• **Description of the task**
No pictures, please. Copy exactly the lines from the one with "Cours particulier de" through the final line below.

START Data to process

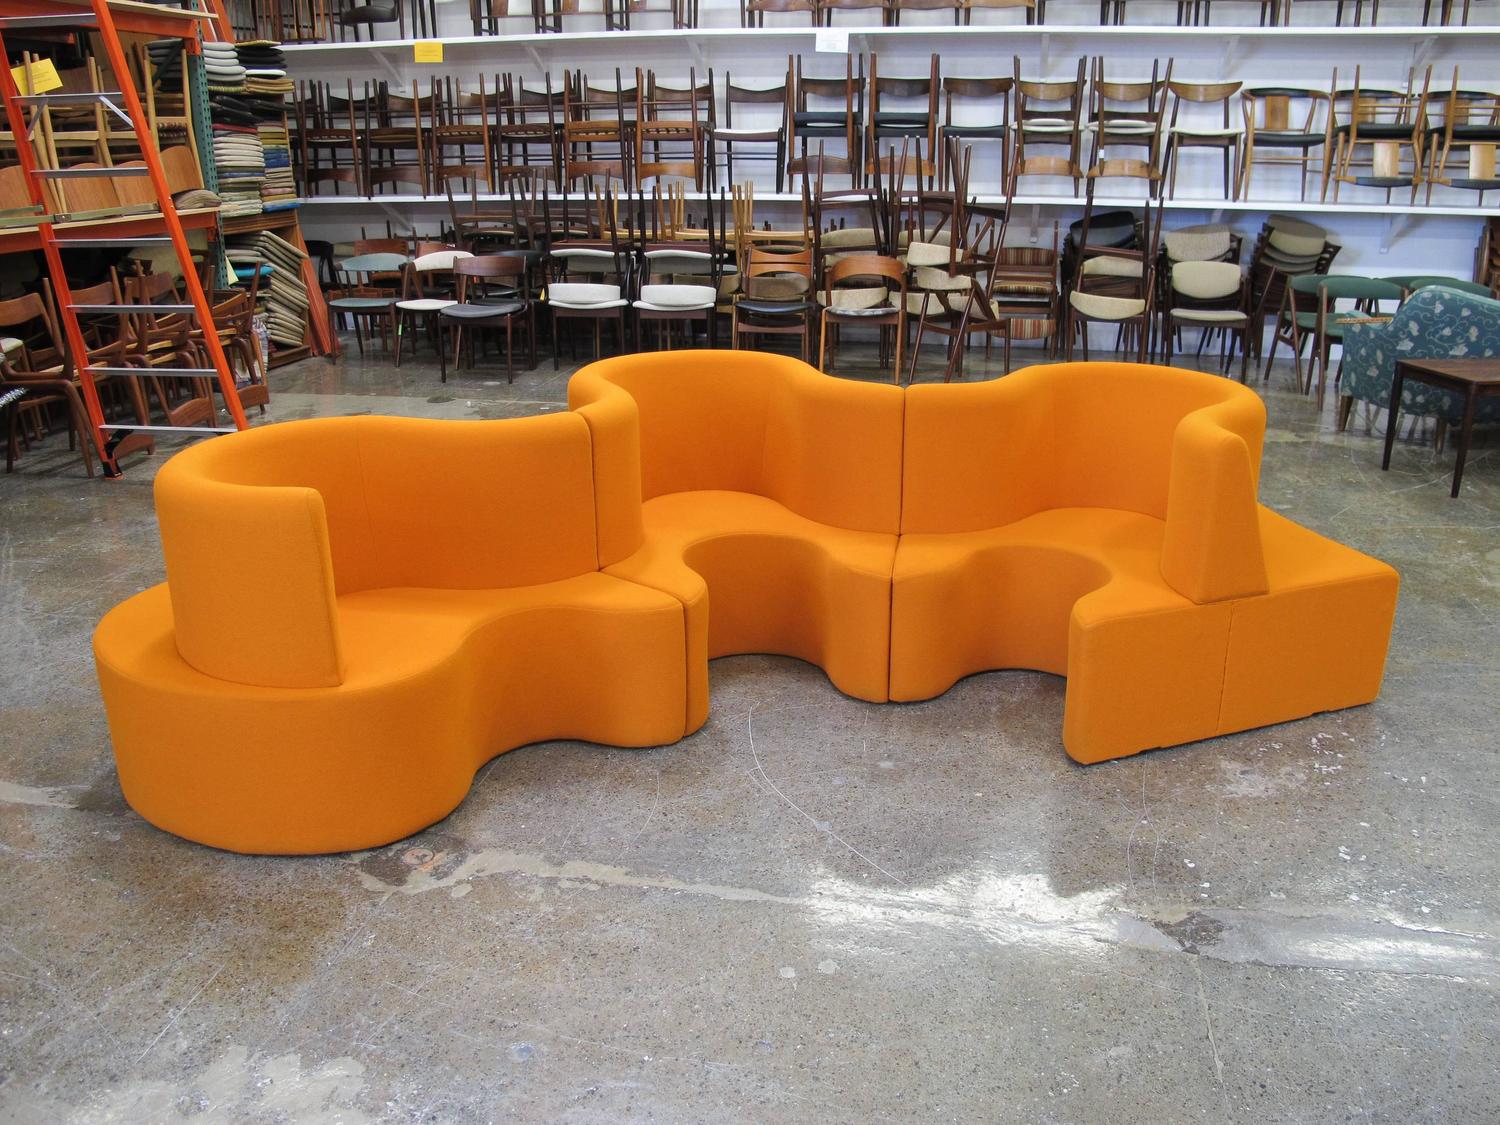 Verner Panton Cloverleaf Sofa in Orange For Sale at 1stdibs
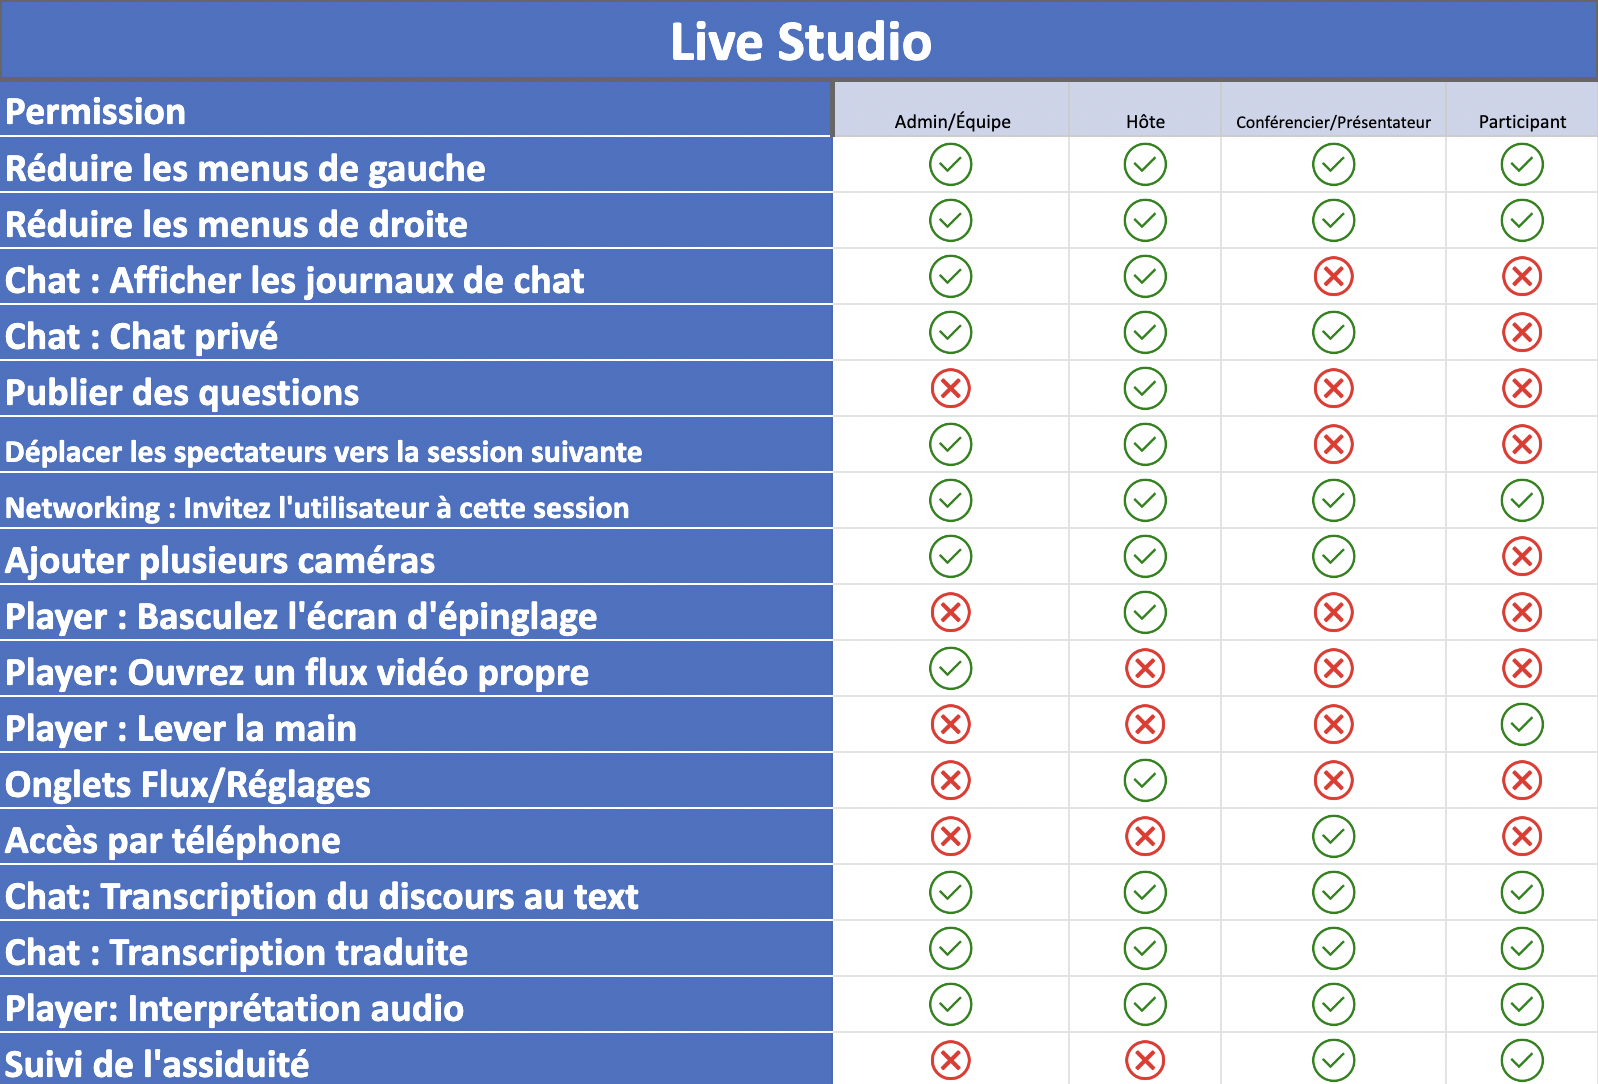 Tableau montrant ce que chaque niveau de permission peut faire dans le Live Studio
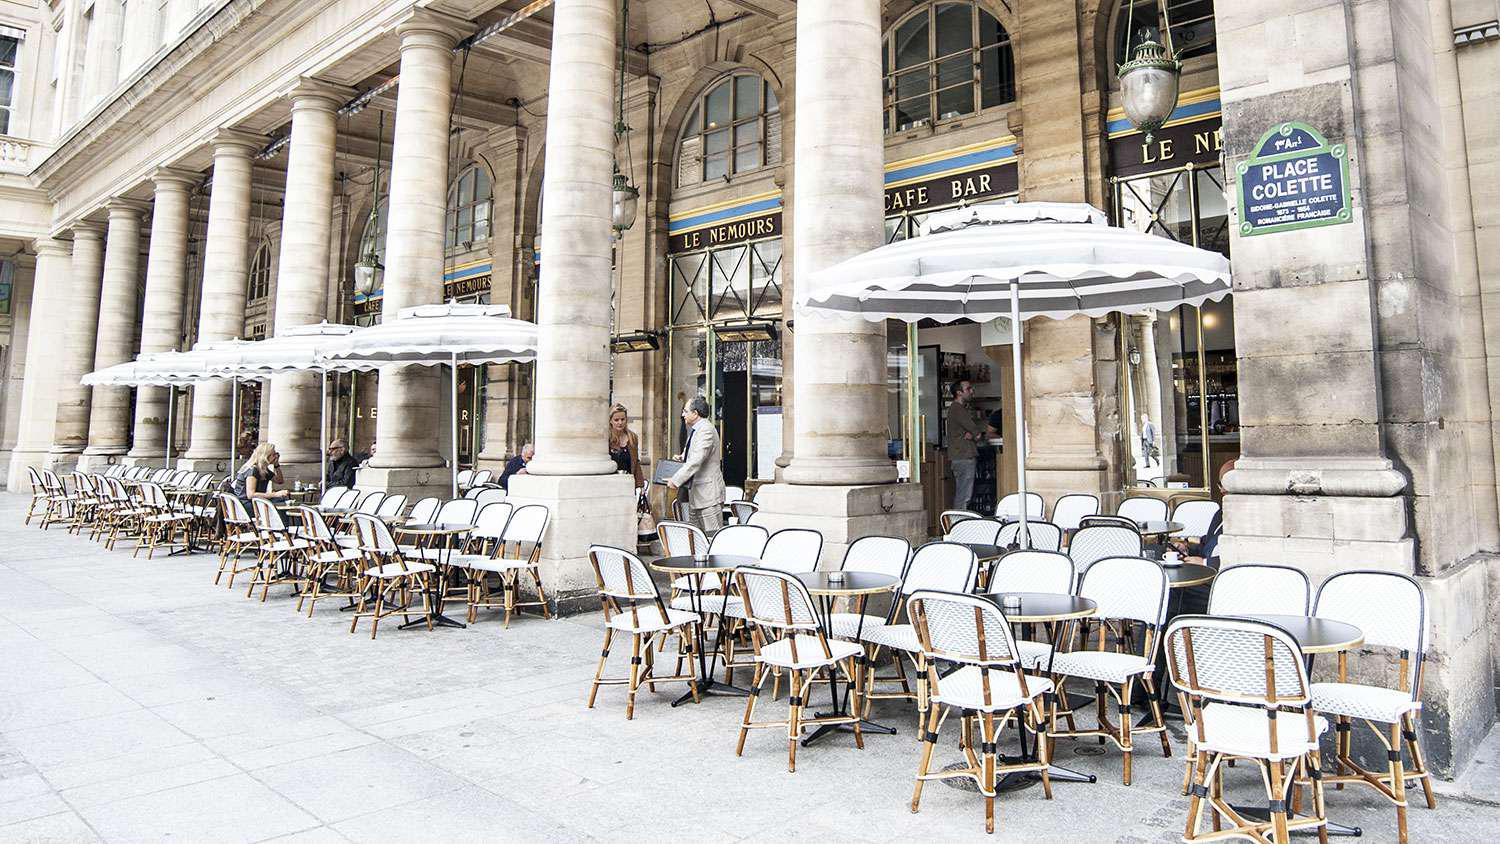 Restaurant Le Nemours à Paris
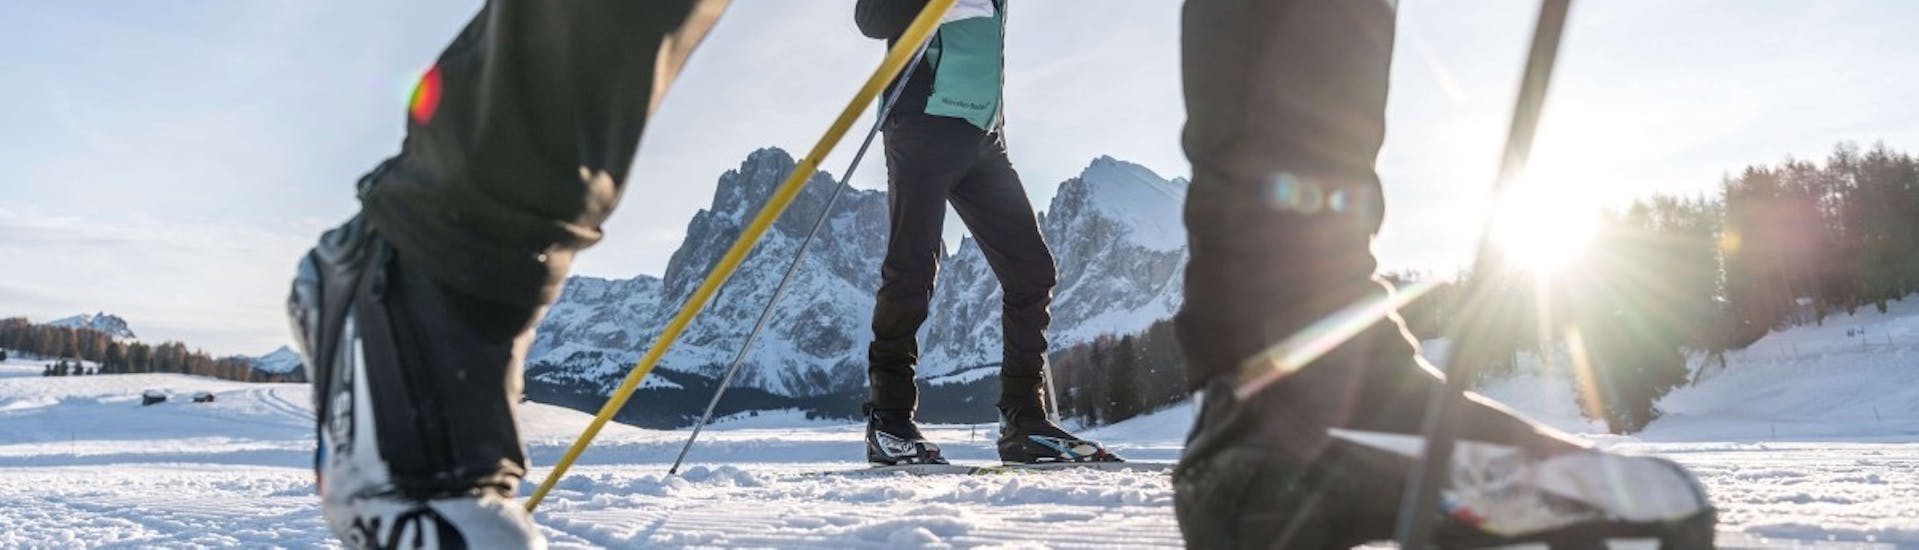 Cours particulier de ski de fond pour Tous niveaux.
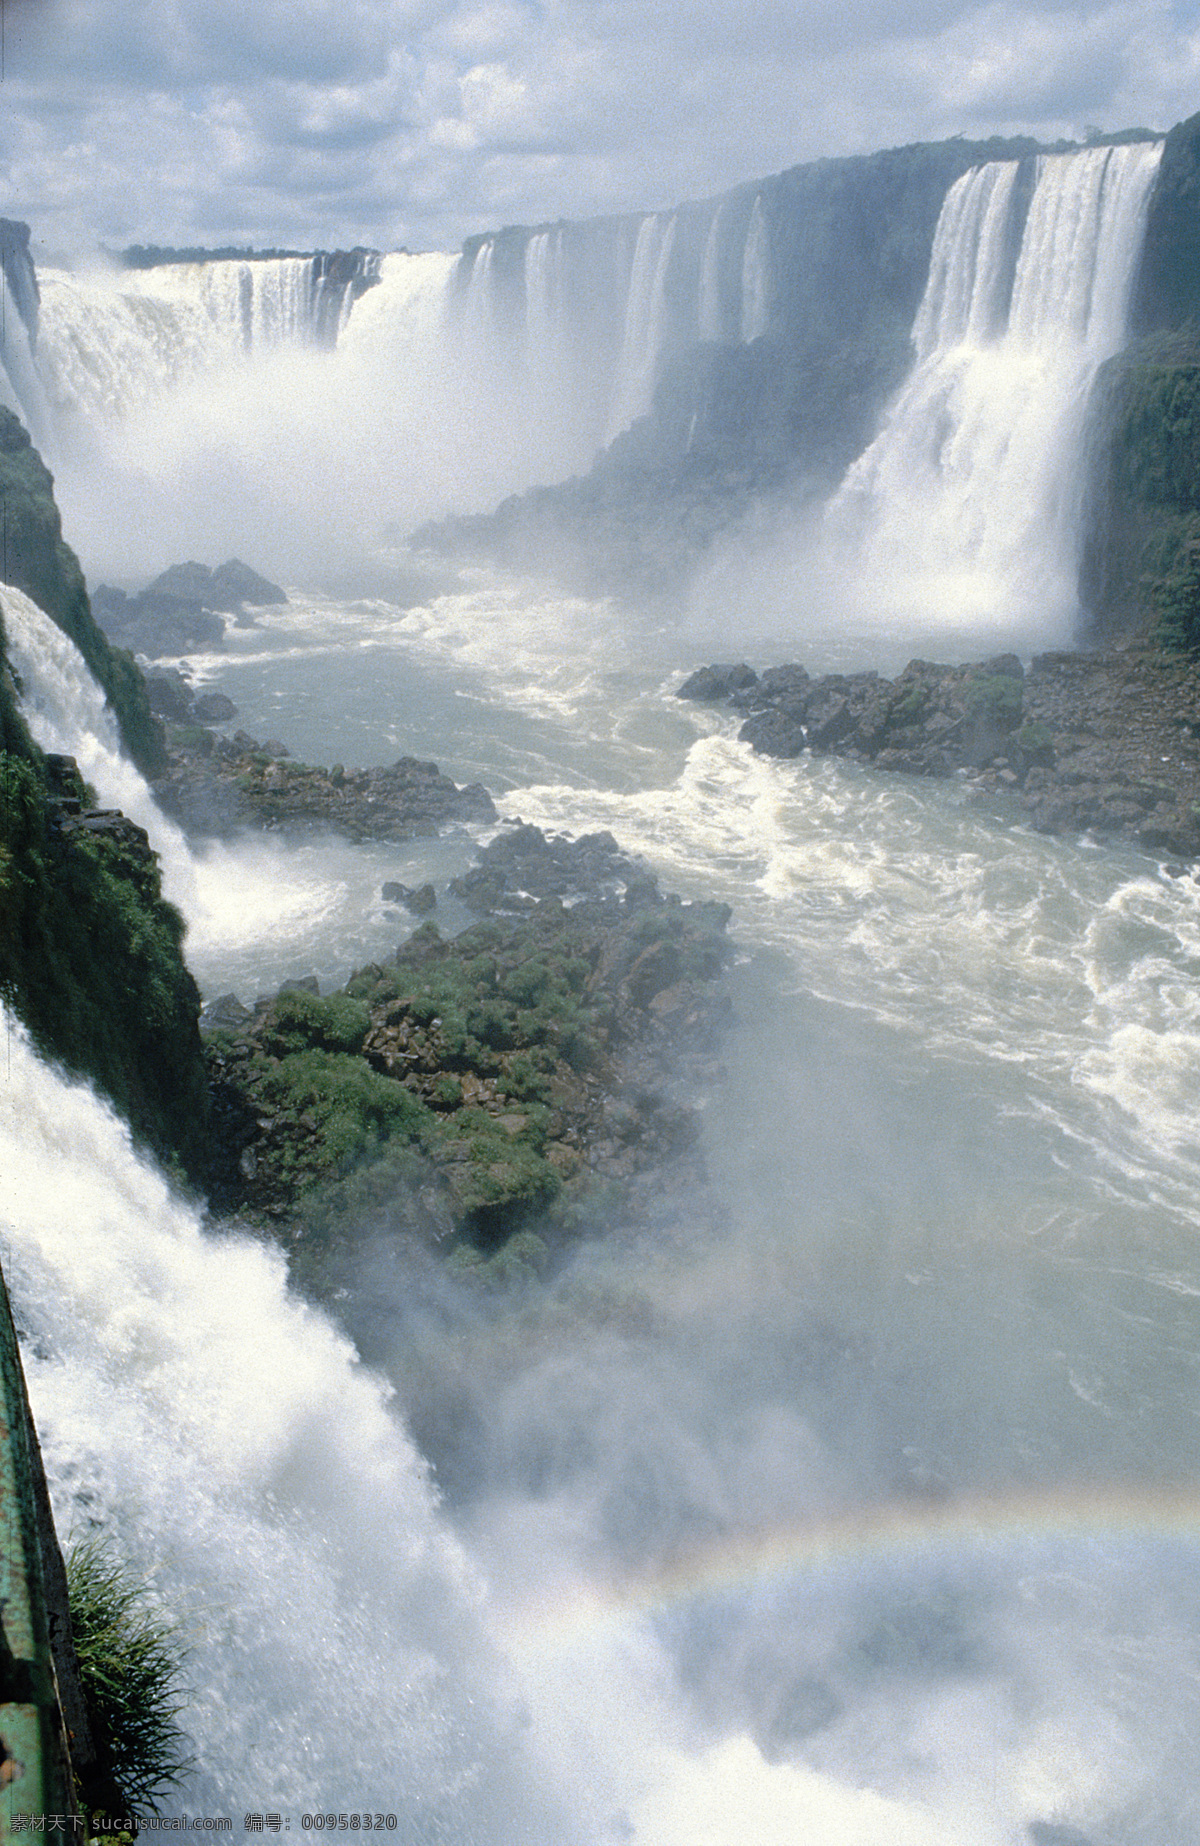 伊瓜苏大瀑布 伊瓜苏瀑布 伊瓜苏 瀑布 阿根廷 巴西 巴拉那河 河流 南美洲 森林 国家公园 世界自然遗产 自然风景 自然景观

END Data to process

• **Response below**
 Cours particulier de ski de fond pour Tous niveaux.
 伊瓜苏大瀑布 伊瓜苏瀑布 伊瓜苏 瀑布 阿根廷 巴西 巴拉那河 河流 南美洲 森林 国家公园 世界自然遗产 自然风景 自然景观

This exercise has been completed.